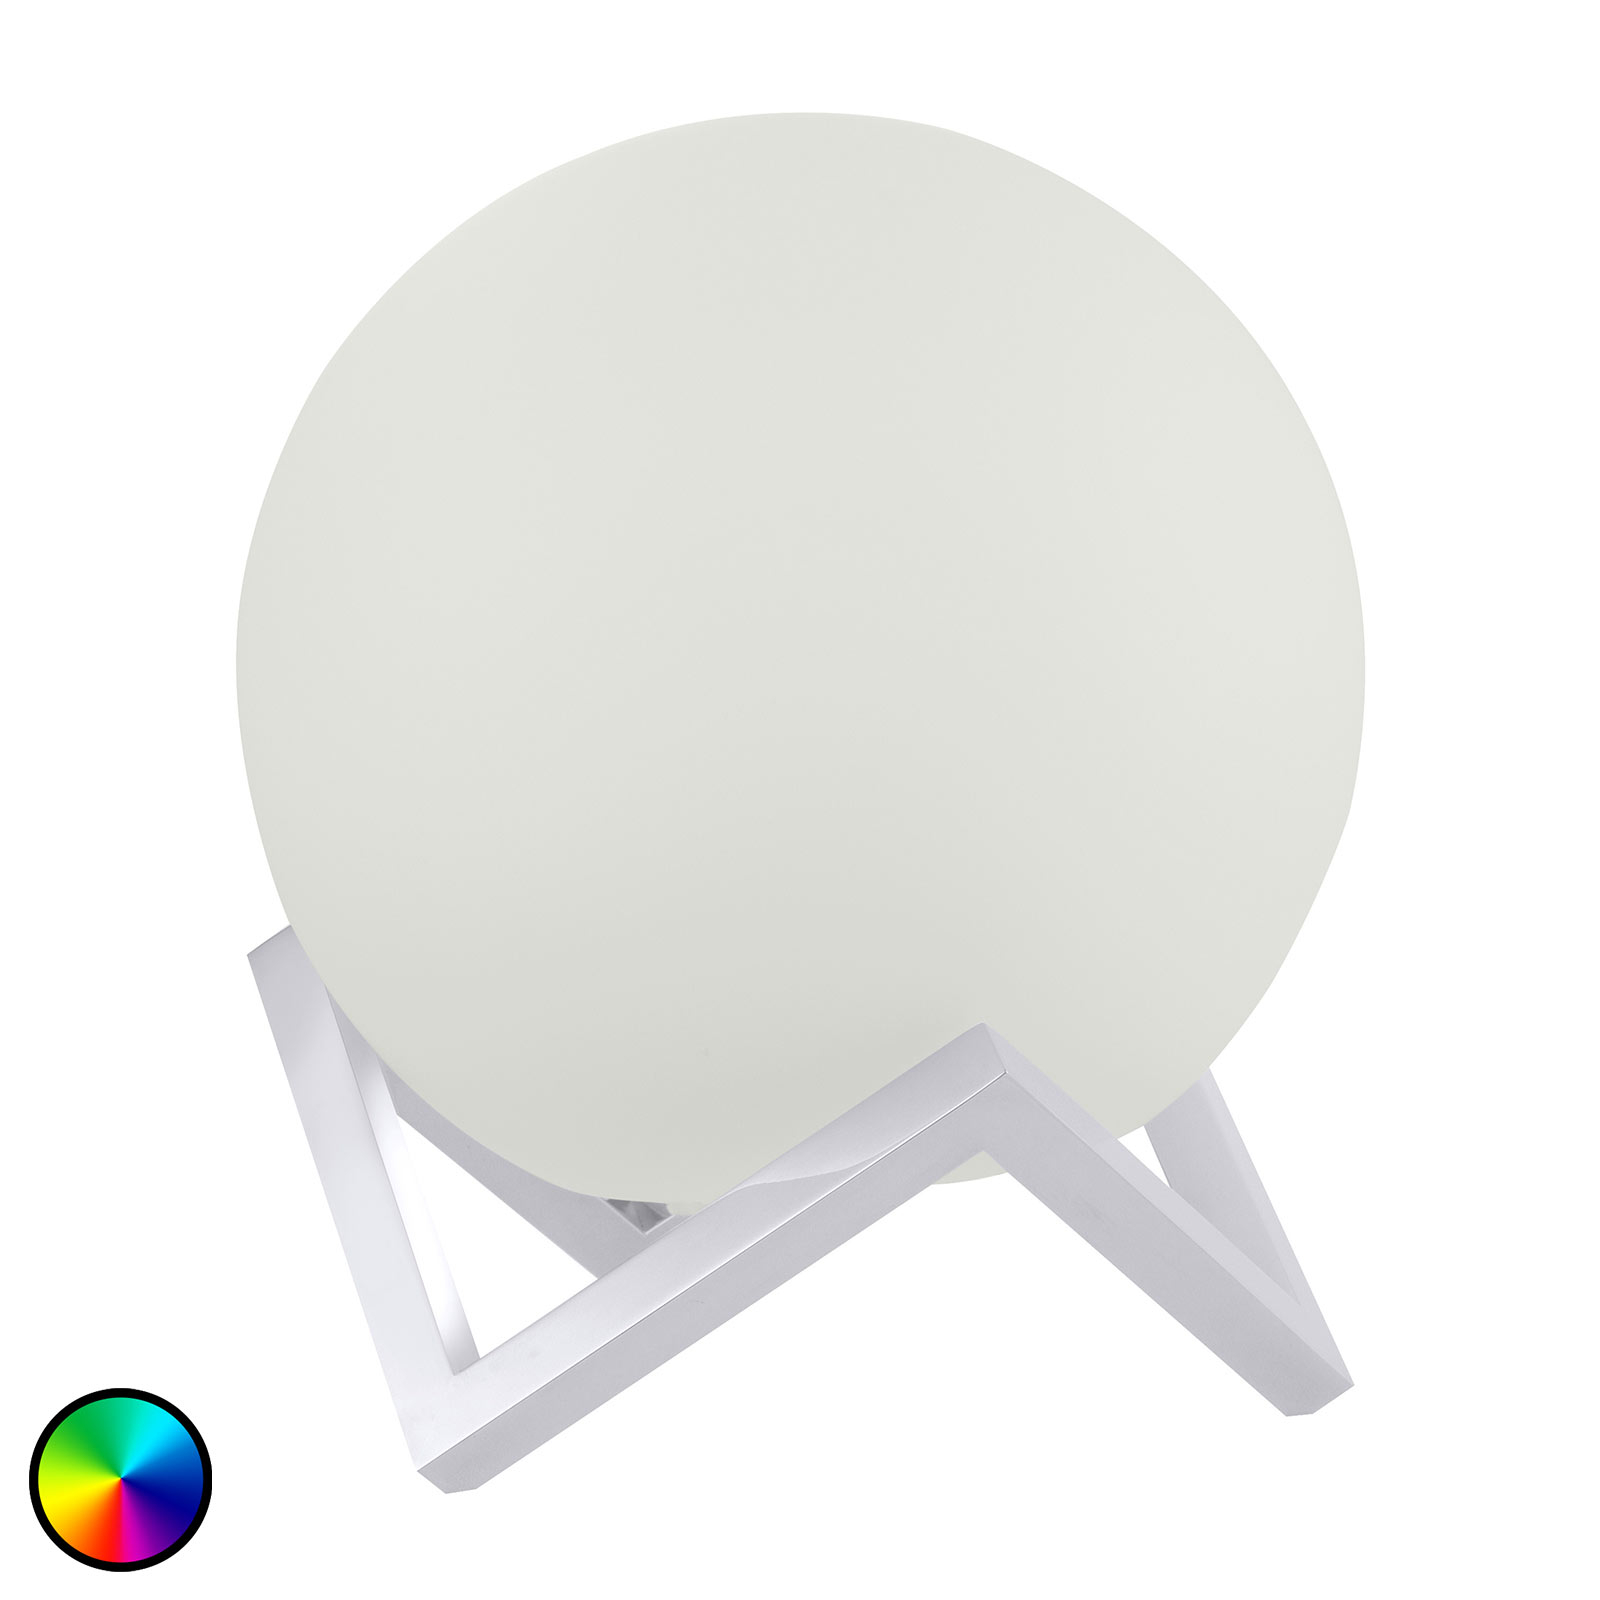 Paul Neuhaus Q-MANUEL LED-Tischleuchte RGBW CCT
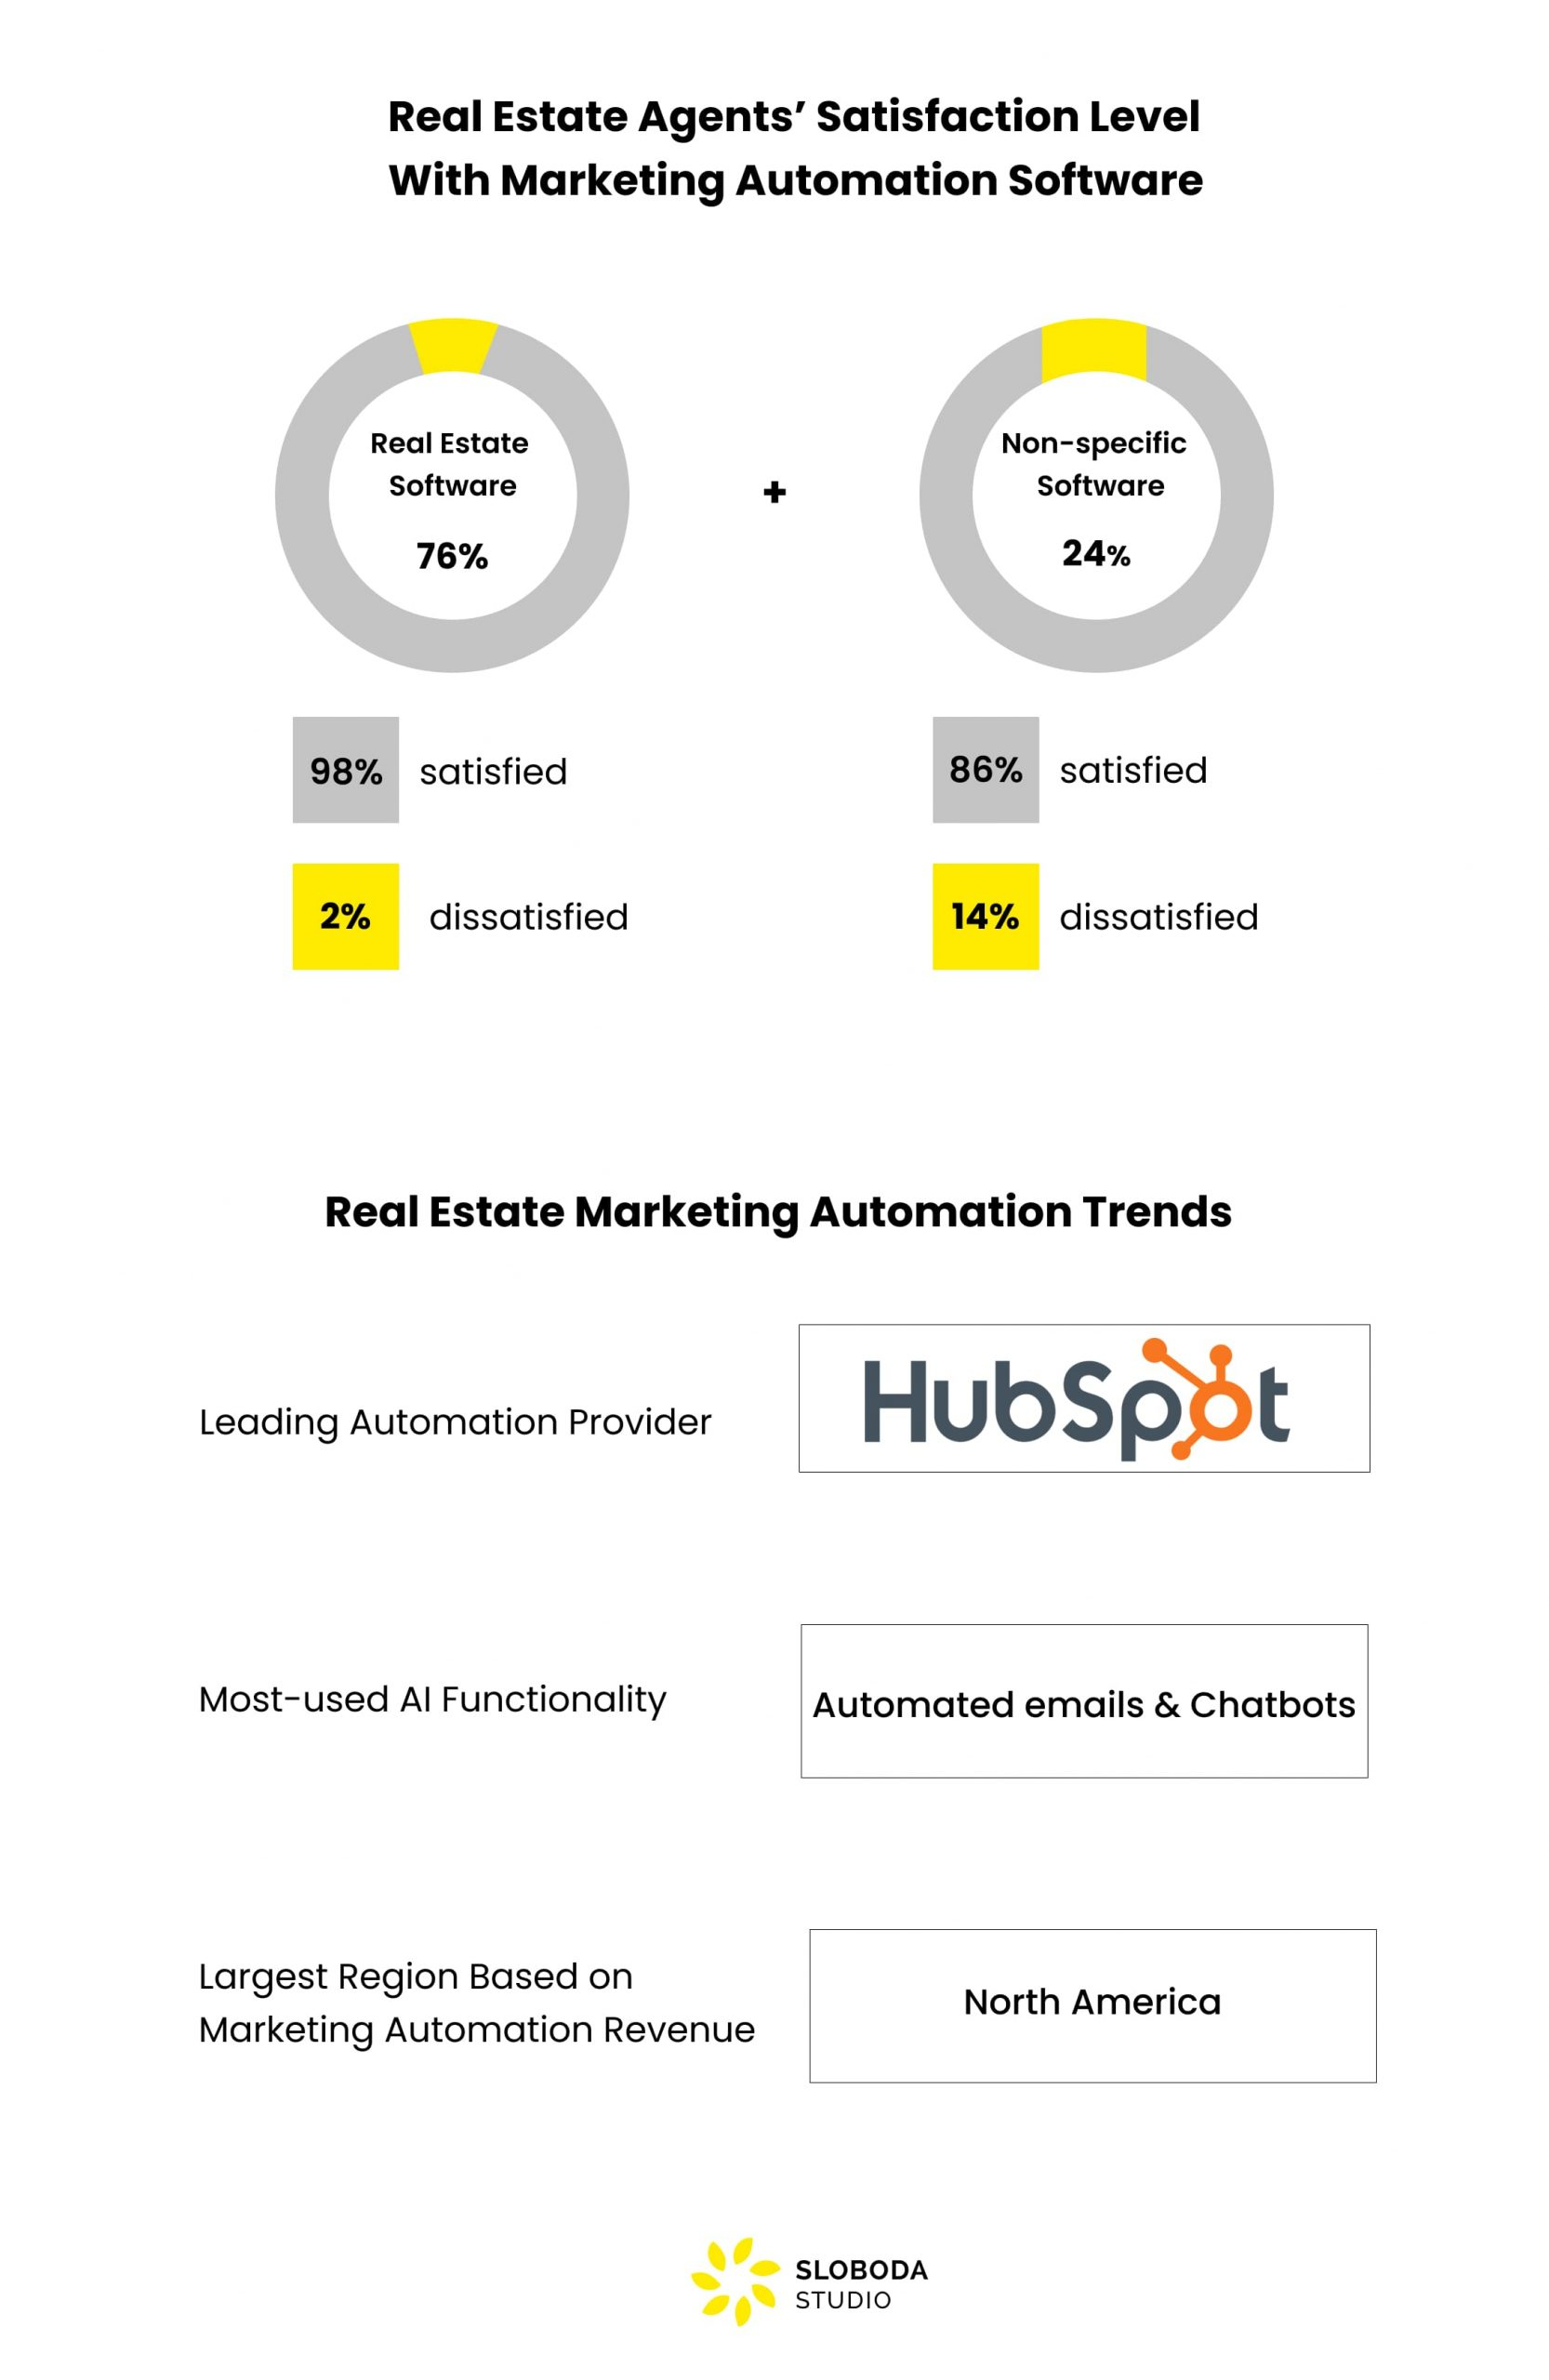 RE marketing automation satisfaction level
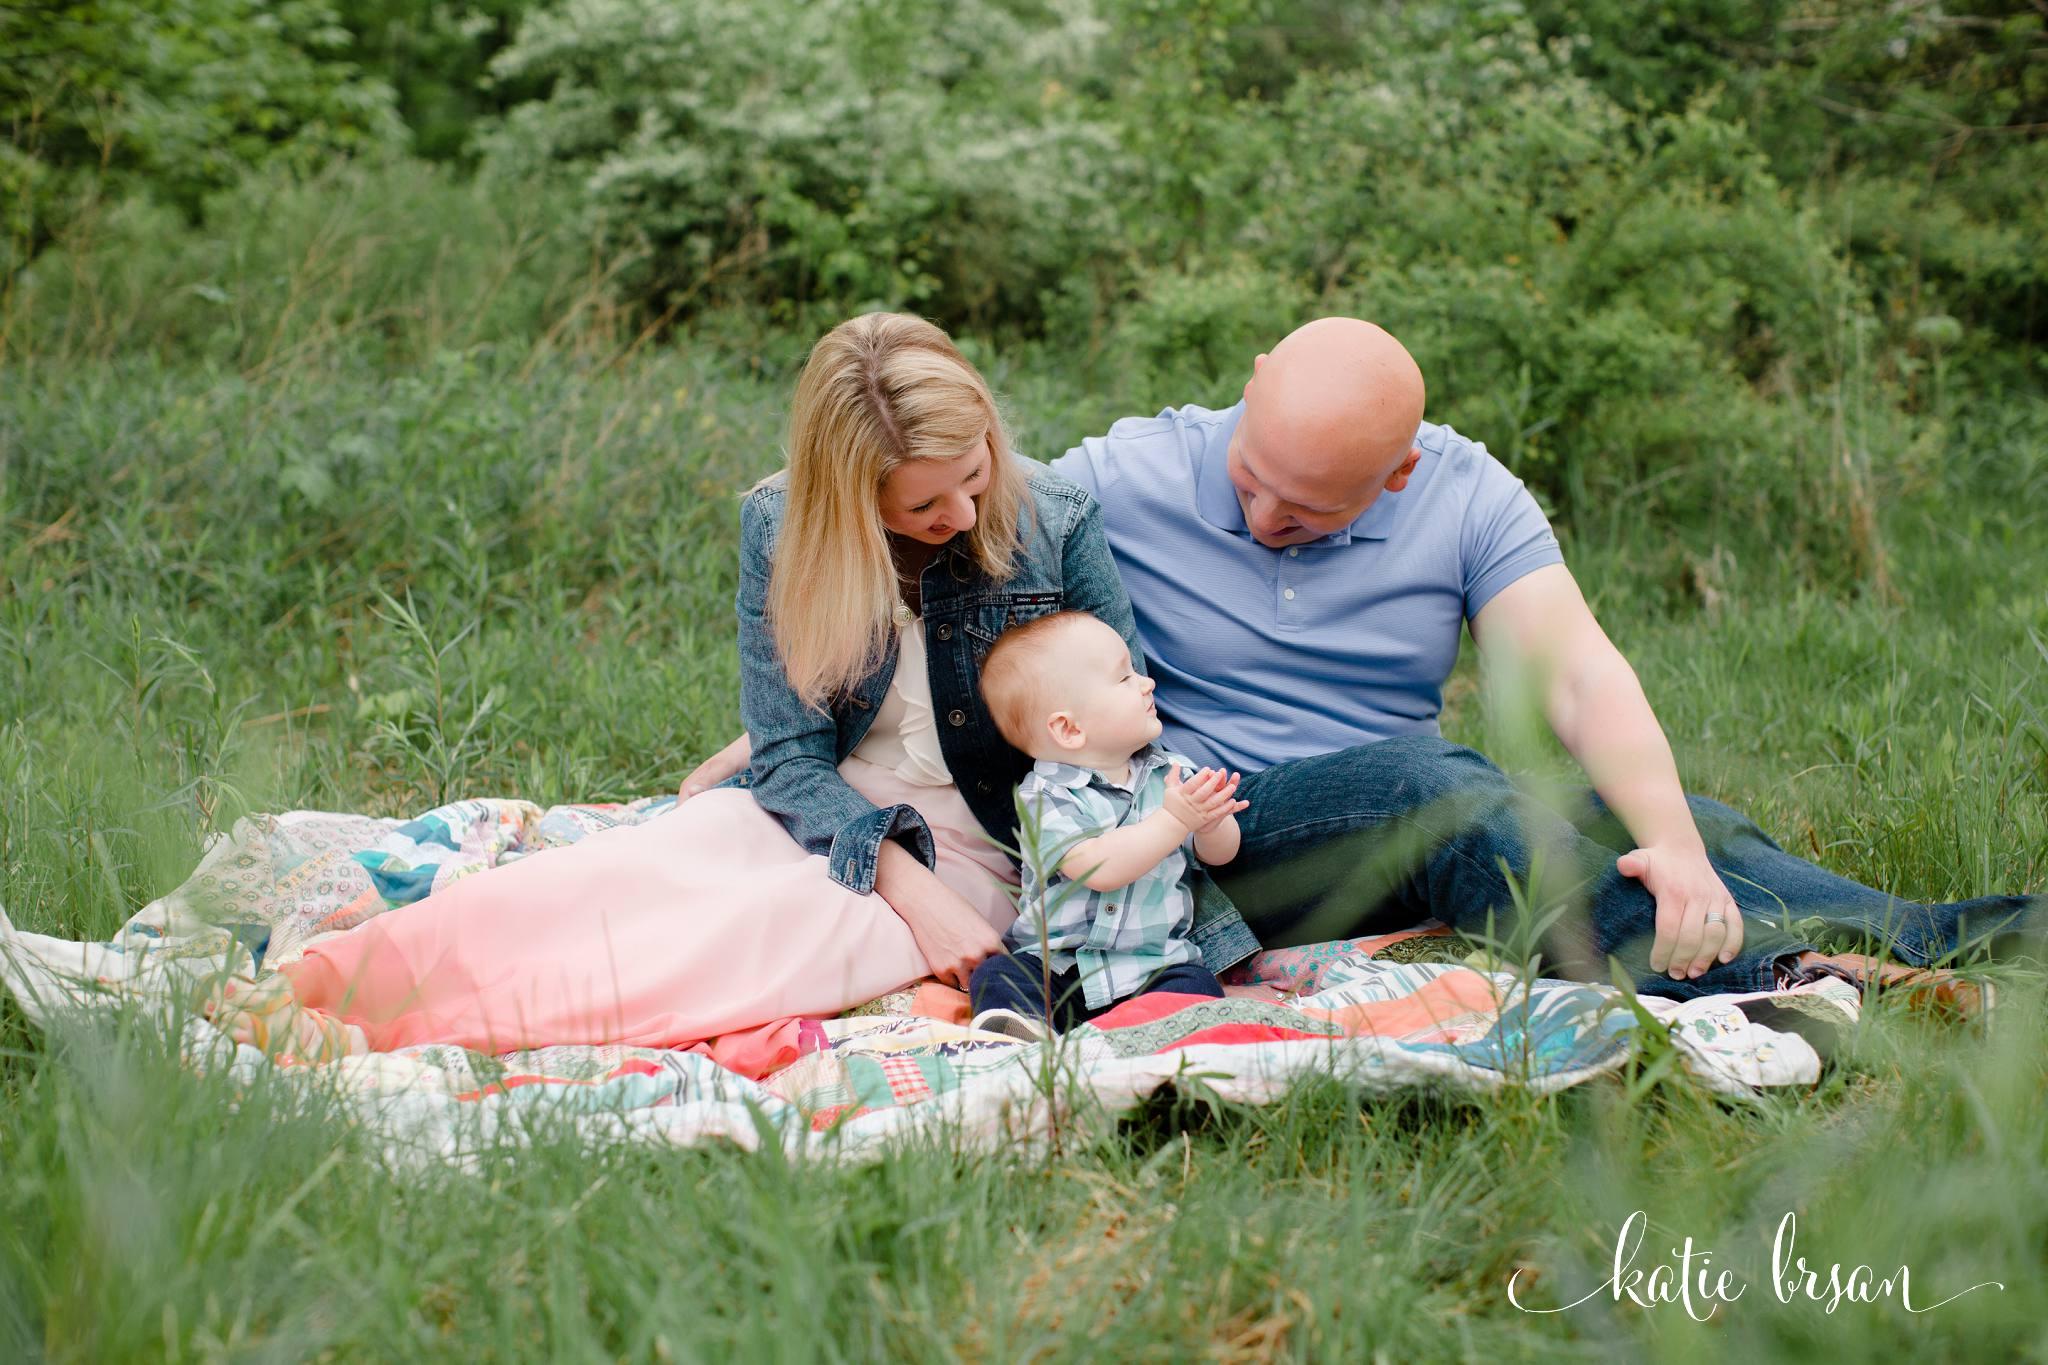 Mokena_FamilyPhotographer_9month_milestone_session_1467.jpg

■ **Work request**
From the line containing "RE marketing automation satisfaction level" to the final line above, both included, transcribe every line exactly and leave all pictures out.

■ **Answer to this exercise**
 RE marketing automation satisfaction level
 Mokena_FamilyPhotographer_9month_milestone_session_1467.jpg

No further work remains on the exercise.